Mischief Makers was a children's television series created by National Telepix that debuted on television syndication in 1960. The fifteen-minute series consisted of shortened Our Gang silent shorts that were originally released through Pathé, as well as various shorts from rival series including Mickey McGuire, Buster Brown, and others. Films from Hal Roach's all animal series the Dippy Doo Dads were also occasionally shown. The series ended production in 1961, but continued to be aired by certain local television stations well into the 1970s, and even during the 80's in Latin America.

Overview
The series mainly featured shorts from Hal Roach's Our Gang series, but shorts from other series were also sometimes shown. Each episode ran about fifteen minutes, with the featured short only being about twelve minutes in length (the shorts originally ran about twenty minutes long).

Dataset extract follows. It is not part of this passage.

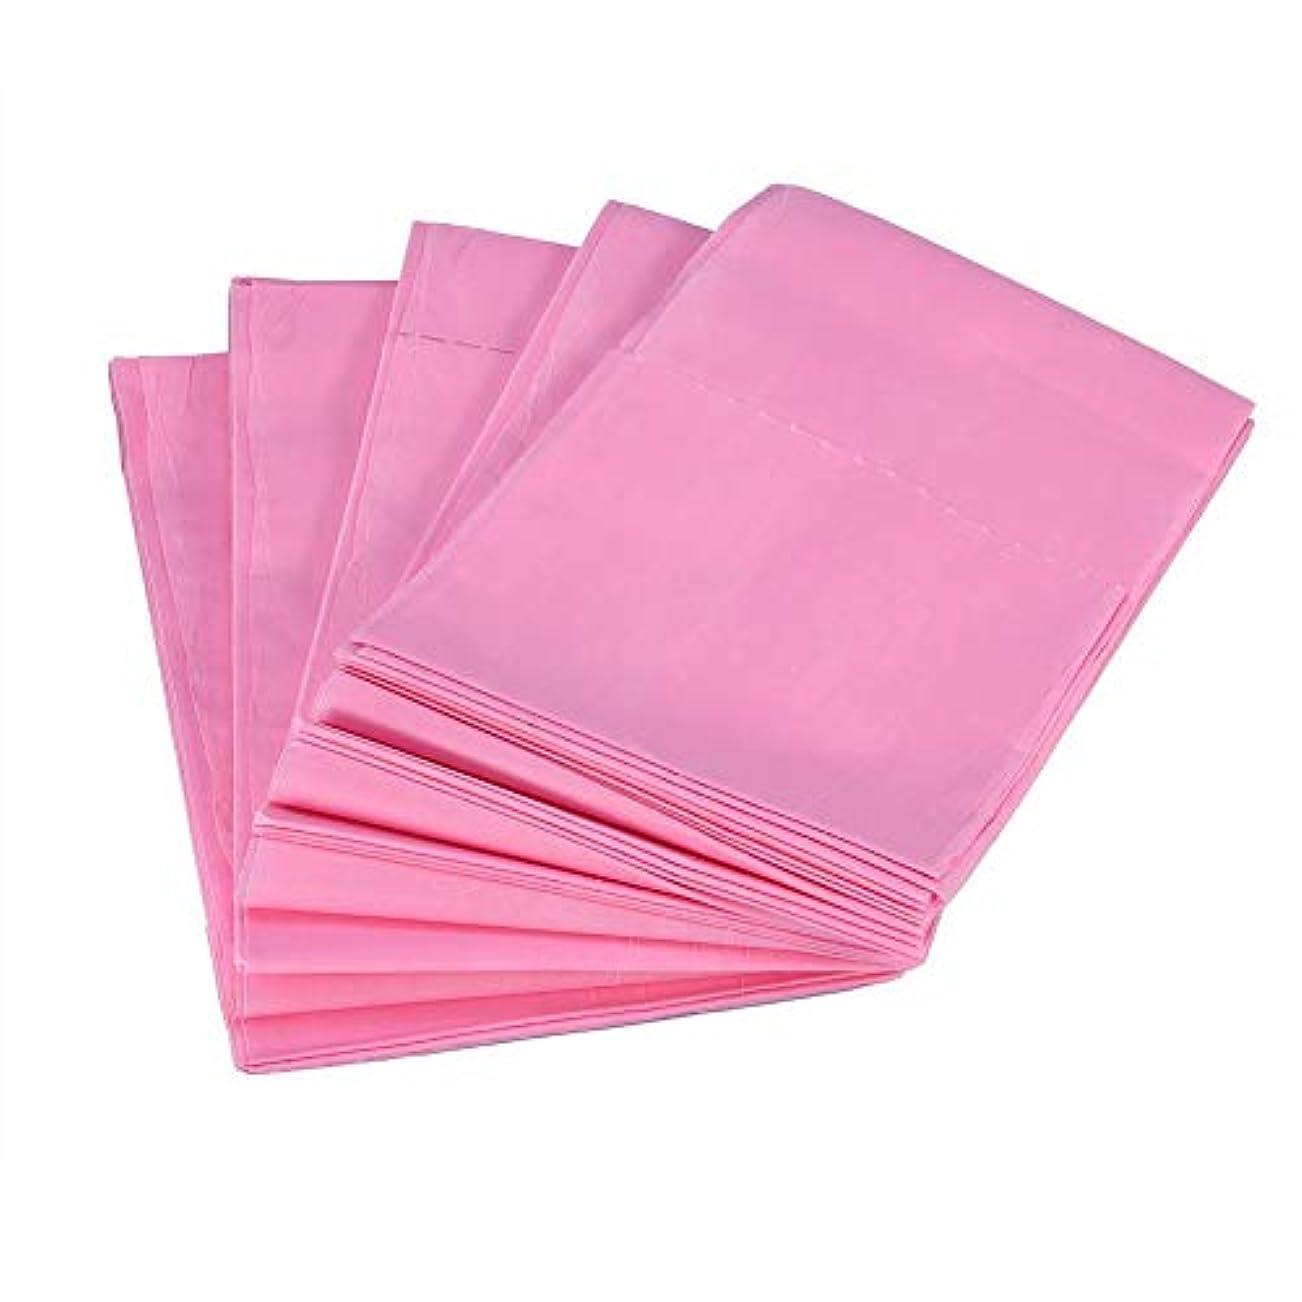 聖人祝うプーノ使い捨てベッドシーツ、10個175 x 75cm不織布使い捨て防水シーツマッサージビューティーカバー(ピンク)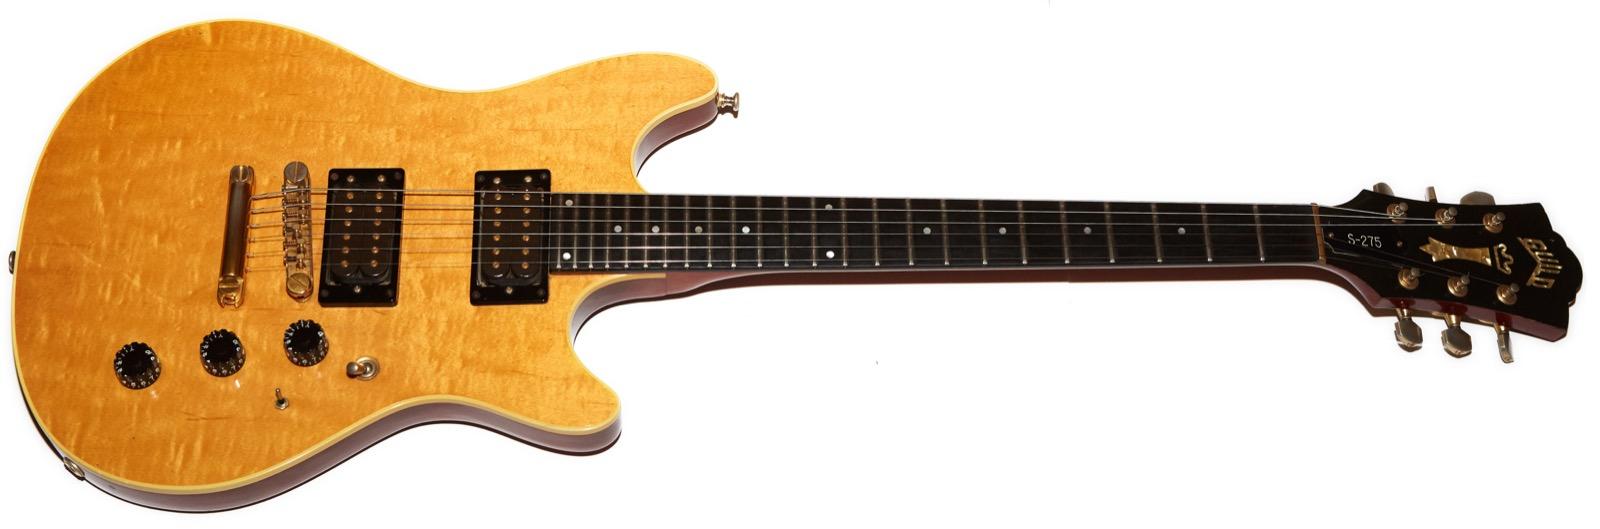 1982-Guild-S275-TopFull

The shorts were always given a new, relatively simple title (i.e. Every Man For Himself became Shoeshine Shop). Most of what was deleted from the shorts were from the first half of the film, though some of the first half were retained in the episodes. The deleted footage sometimes wound up in other episodes, known as 'hybrid episodes'; these contained clips from more than one short. The original inter-titles were usually cut, though a few episodes did retain some of the titles. To compensate for the absence of the titles, most episodes were narrated by two kids who are identified as 'Bobby' and 'Bunny'. Bunny typically used the catchphrase "Skeedly Skeedly!". Carnival-like music (composed by Jack Saunders) and rather inappropriate sound effects were also added onto the films.

Theme
The animated opening and closing theme featured a song titled "Hip, Hip, Hooray". It was written by Jack Saunders and Phyllis Brandell Saunders. An instrumental version of this song was among the several soundtrack tunes added onto the silent films.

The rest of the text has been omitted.